I have trained a tensorflow.keras model over the night and was suprised about the training process (please see the attached picture). Can anyone tell me, what can produce such an effect during training? I have trained with mse (right) and one other loss displayed (binary crossentropy). I have trained an autoencoder with 'normal' samples. The validation samples are 'anomaly' samples.
If you need more information, please let me know.
Edit: I might found the reason, but I am not sure: I have features as input-data, which do not have values strictly in [0,1], actually I have nearly all values in [0,1] but a few values a little bit bigger than 1. As I am training with the MSE, I thought this should not be a problem, but as reference I also use the binary crossentropy loss (needs values in [0,1]). This might cause some iritation to the training. I am using:
loss = tensorflow.keras.losses.MeanSquaredError(name='MeanSquaredError')

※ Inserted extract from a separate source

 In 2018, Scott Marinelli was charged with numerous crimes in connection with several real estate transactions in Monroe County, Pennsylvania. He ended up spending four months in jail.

autoencoder.compile(optimizer=tensorflow.keras.optimizers.Adam(lr=learning_rate), loss=loss, metrics=[tensorflow.keras.metrics.BinaryCrossentropy()])
and livelossplot:
callbacks=[PlotLossesKeras(outputs=[MatplotlibPlot(figpath=save_string_plot)]),TensorBoard(log_dir="autoencoder\\" + string_name_model)],
At the moment I am retraining the model with feature values strictly in [0,1].

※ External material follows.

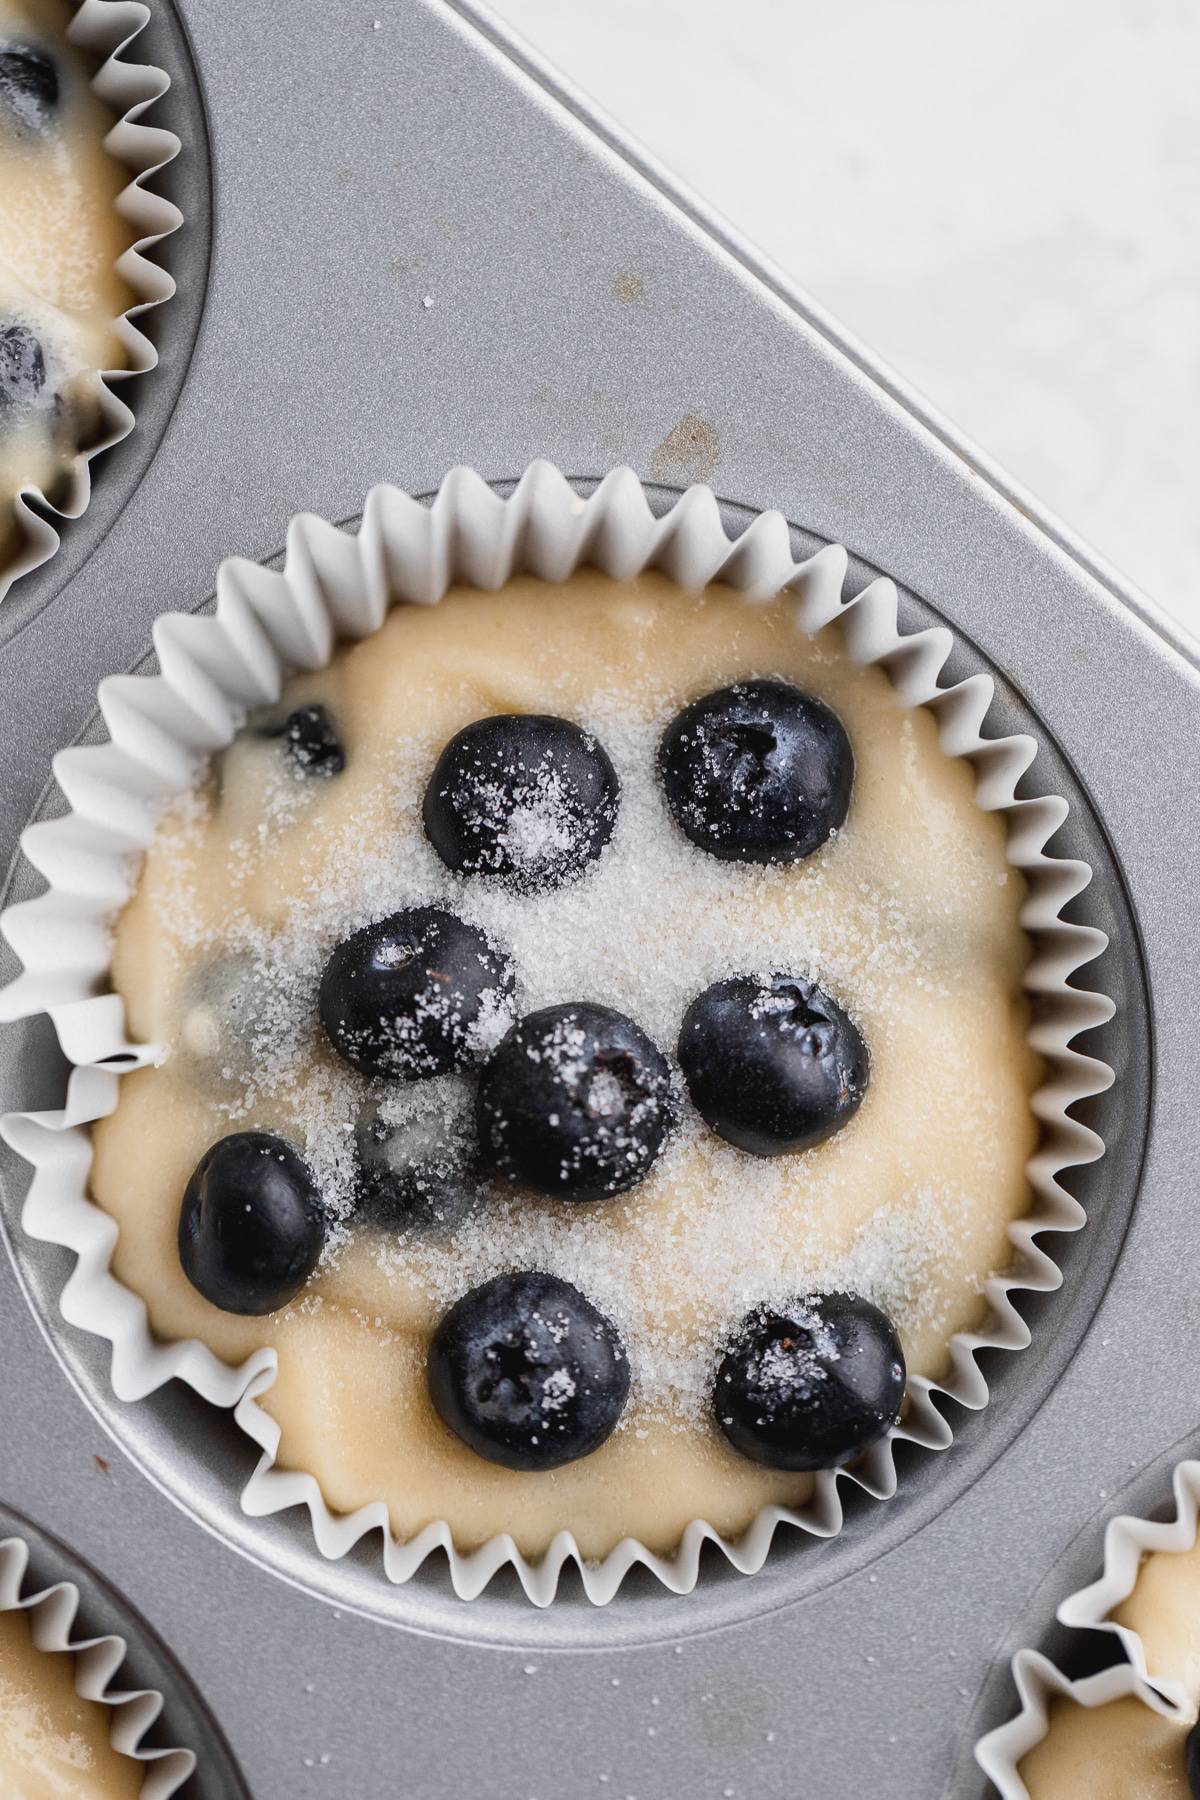 Batter in a muffin tin with sugar on top.

--> The retraining got to epoch 175 and then crashed, so i think this was not the solution (adapt feature strictly into [0,1]). Let us try the second possible solution (gradient clipping). Stay tuned. :)
Edit: One other solution might be gradient clipping, see:
--> Also this training did not work out. Loss explodes also at 175 epochs.
New pictures with the two possible solutions, which did not work out (but both exploded nearly at the same position):
Edit: I also tried batch normalization to avoid the loss explosion, but also this try did not work out.